> _Exercise directions_: Give the listing again word for word, excluding the pictures it contains.

> _Data section_:
****************************************
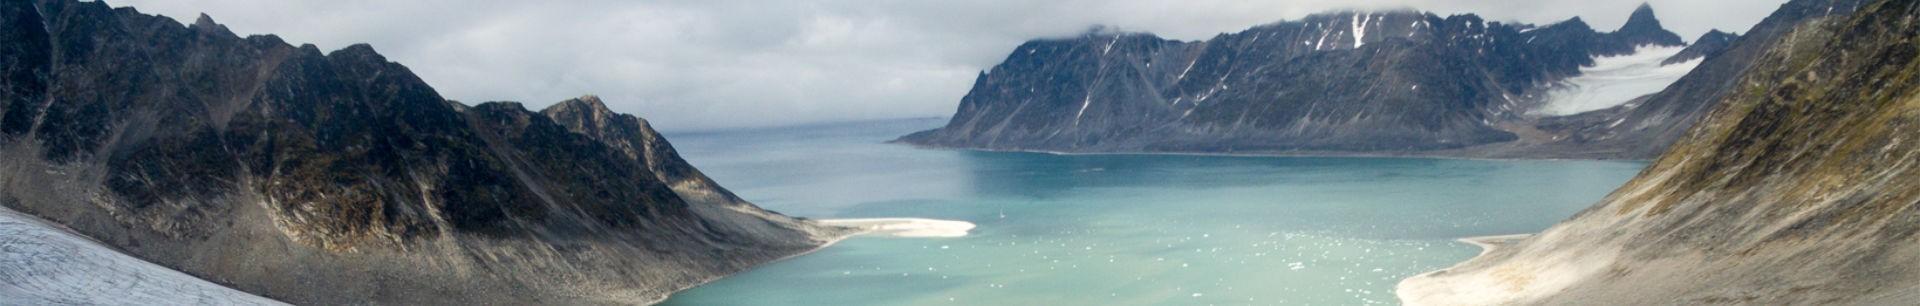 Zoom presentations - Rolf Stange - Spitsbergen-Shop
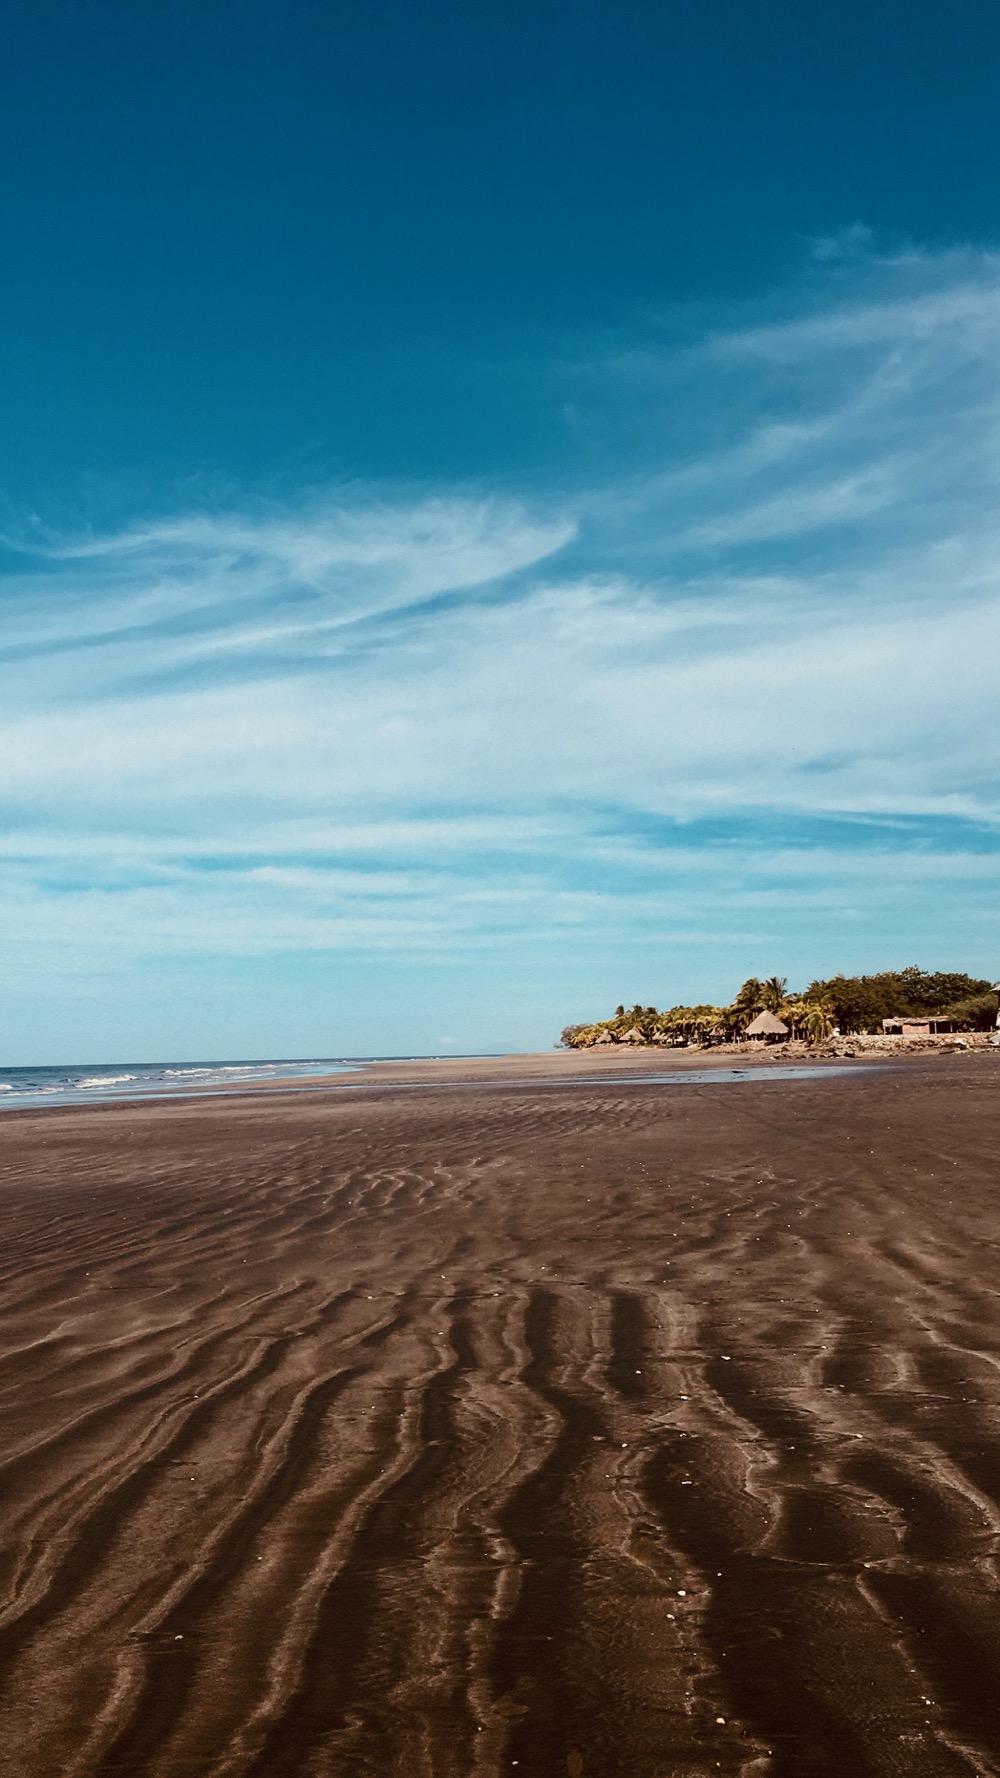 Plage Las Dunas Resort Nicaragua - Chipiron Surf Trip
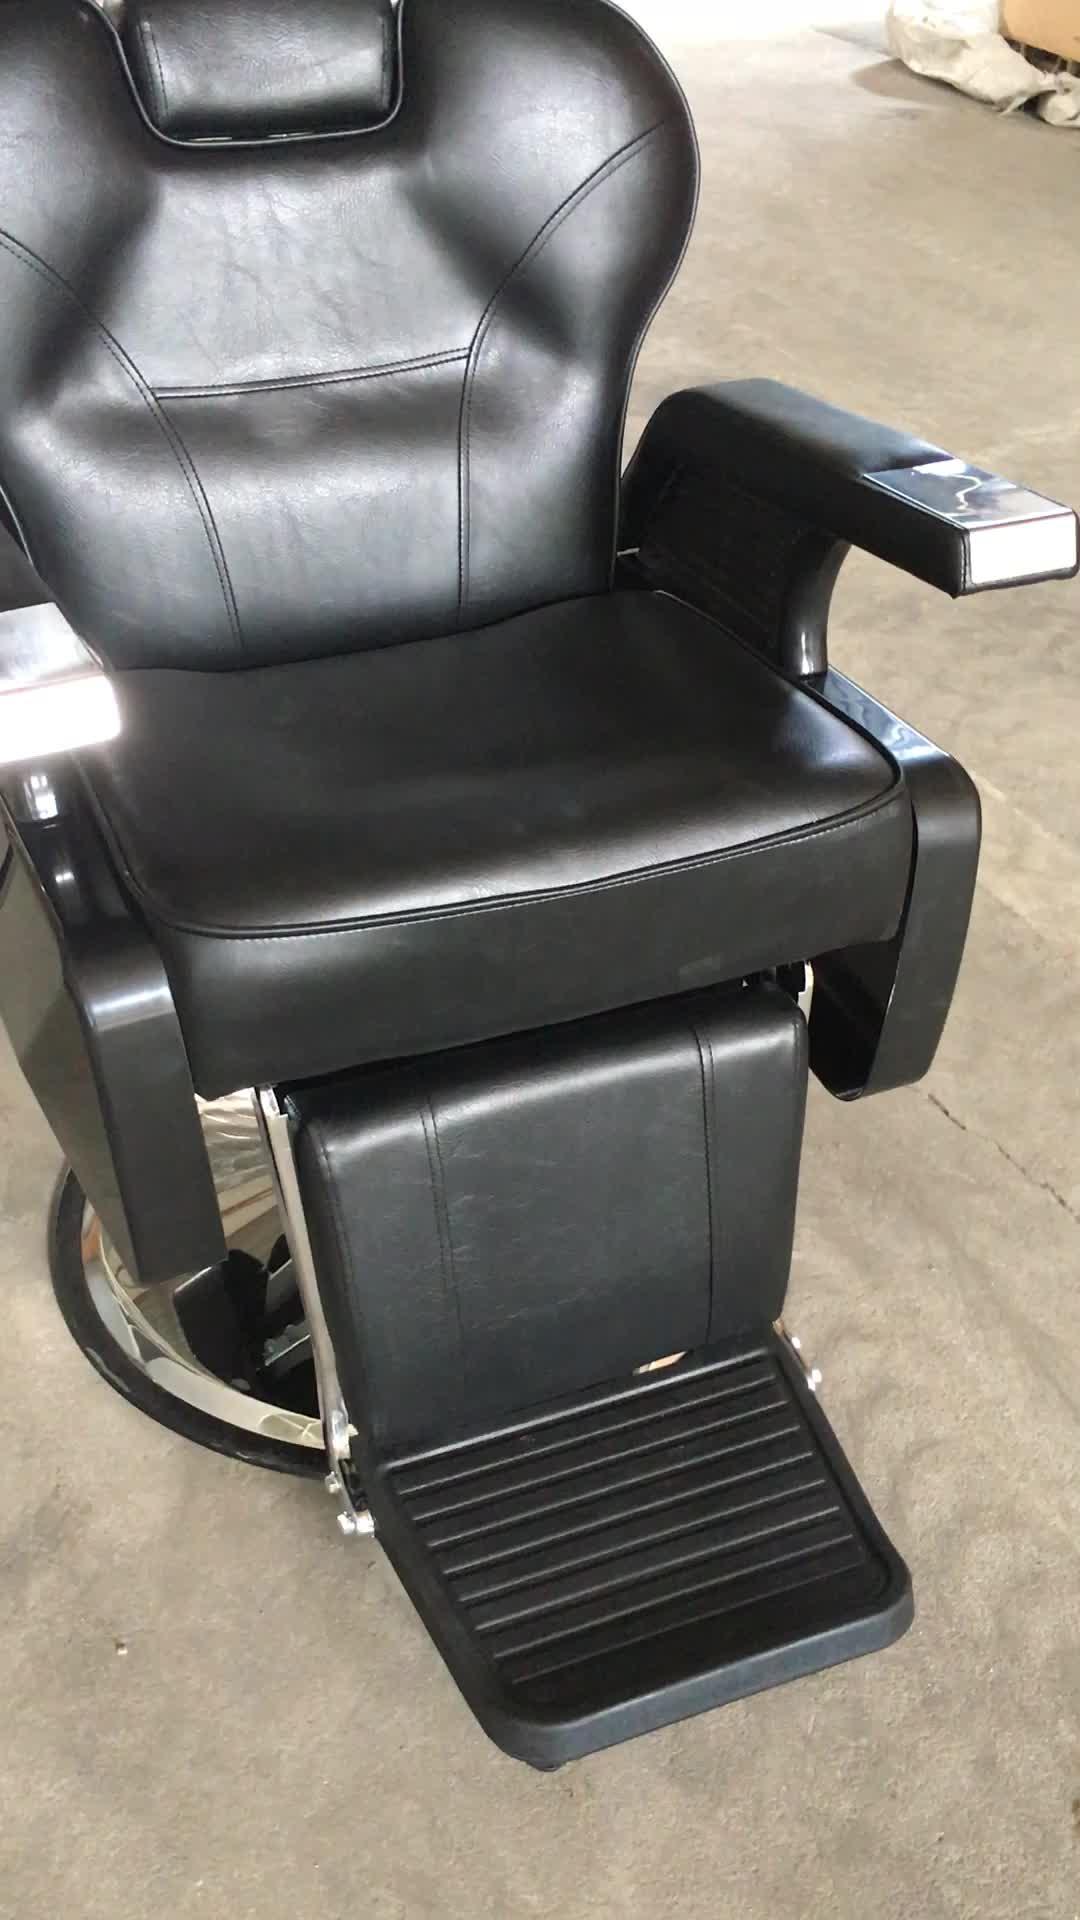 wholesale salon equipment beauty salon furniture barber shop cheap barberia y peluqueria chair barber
****************************************
> _Completed task_:
 Zoom presentations - Rolf Stange - Spitsbergen-Shop
 Plage Las Dunas Resort Nicaragua - Chipiron Surf Trip
 wholesale salon equipment beauty salon furniture barber shop cheap barberia y peluqueria chair barber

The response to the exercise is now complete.